Ольга Батлер - Золотой желудь
Привычку заходить в такие музеи он перенял у Люси во время совместных путешествий. Удивительно, что во всем мире выставляют на обозрение одну и ту же ерунду: чьи-то окаменевшие кости, люльки, кастрюли, игрушки, облезлые звериные чучела, выцветшие фотографии, — неужели жизнь из этого и состоит?
Сергей скользнул взглядом по стенду с рассказом о живших в здешних краях племенах, со снисходительным любопытством прочитал легенду про священный камень, ушедший под землю, и про местную языческую богиню, которая умела превращаться в кого угодно, человека или животное, а также оживлять мертвых.
— Интересуетесь? — спросил его щуплый человек в домашней вязки свитере и валенках.

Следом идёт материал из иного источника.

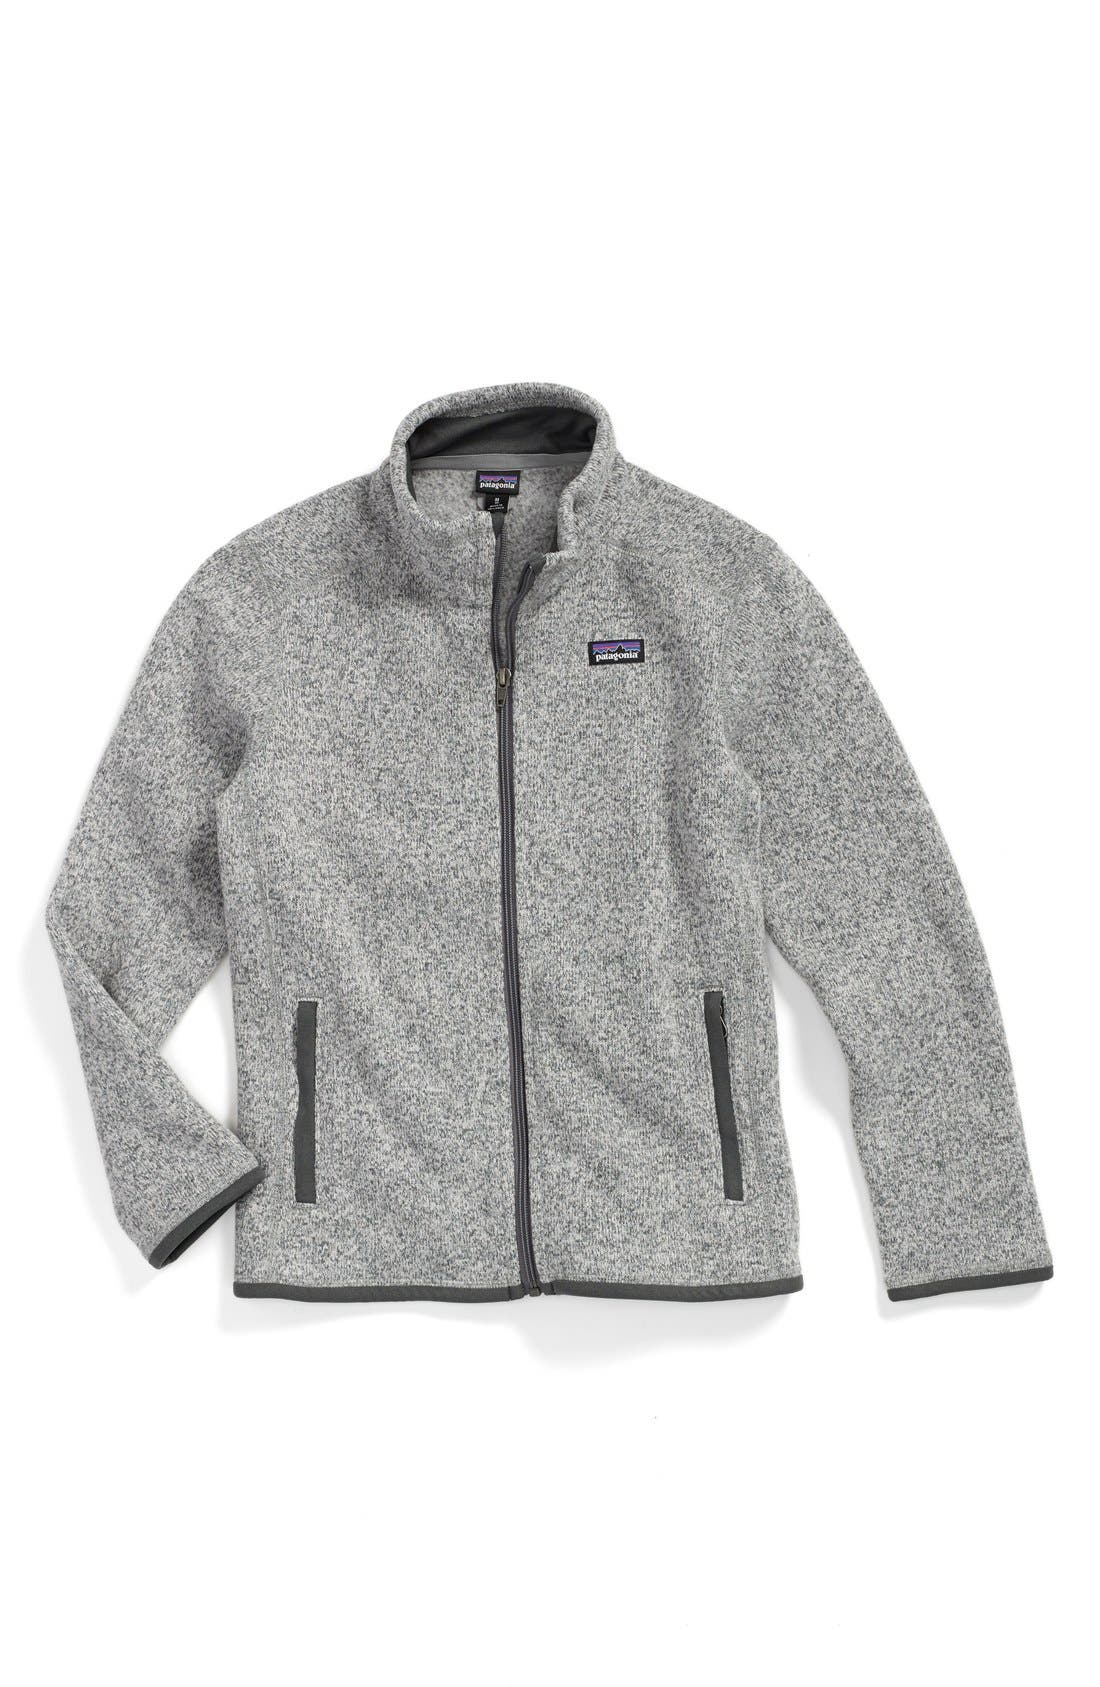 Better Sweater Jacket,                             Main thumbnail 1, color,                             STONEWASH GREY

Сергей только сейчас заметил смотрителя в полумраке заставленной мебелью комнаты.
В ответ он не очень вежливо буркнул — ему не хотелось вступать в разговор с этим мужчиной, который был таким же пыльным, скучным, никчемным, как сохраняемые им экспонаты, — и Сергей перешел к сравнительно свежему разделу, посвященному прошлому веку. «Дневник ссыльной А. И. Грошуниной, которая скончалась от воспаления легких, простудившись на лесозаготовках» — выцветшая пояснительная записка лежала под стеклом рядом с раскрытой тетрадью, мелко исписанной чернилами и карандашом.
Смотритель услышал его возглас и недоуменно покачал головой, когда Сергей попросил разрешения полистать тетрадку:
— Надо же. Лежал дневник годами никому не нужный, а за последние время уже второй человек спрашивает. Чем она так прославилась? Присаживайтесь, здесь посветлее будет, — и мужчина подвинул стул к окну.
«Столько страшного произошло. Бедная моя Лижбэ.
Сначала отец ее пропал без вести. Ее мать практичная была, специалист по выживанию. Очистки картофельные у соседей выпрашивала, оладьи пекла. Шла в булочную на рассвете, сидела там в очереди, одновременно вязала носки для солдат — белого хлеба дожидалась. Его по карточкам быстро разбирали. Потом она его на большее количество черного выменивала.
И вот во время затемнения заливала керосин в горелку, а он пролился на платье, все вспыхнуло, как факел… Надо было ее сразу в одеяло завернуть, чтобы огонь сбить, а Лида растерялась.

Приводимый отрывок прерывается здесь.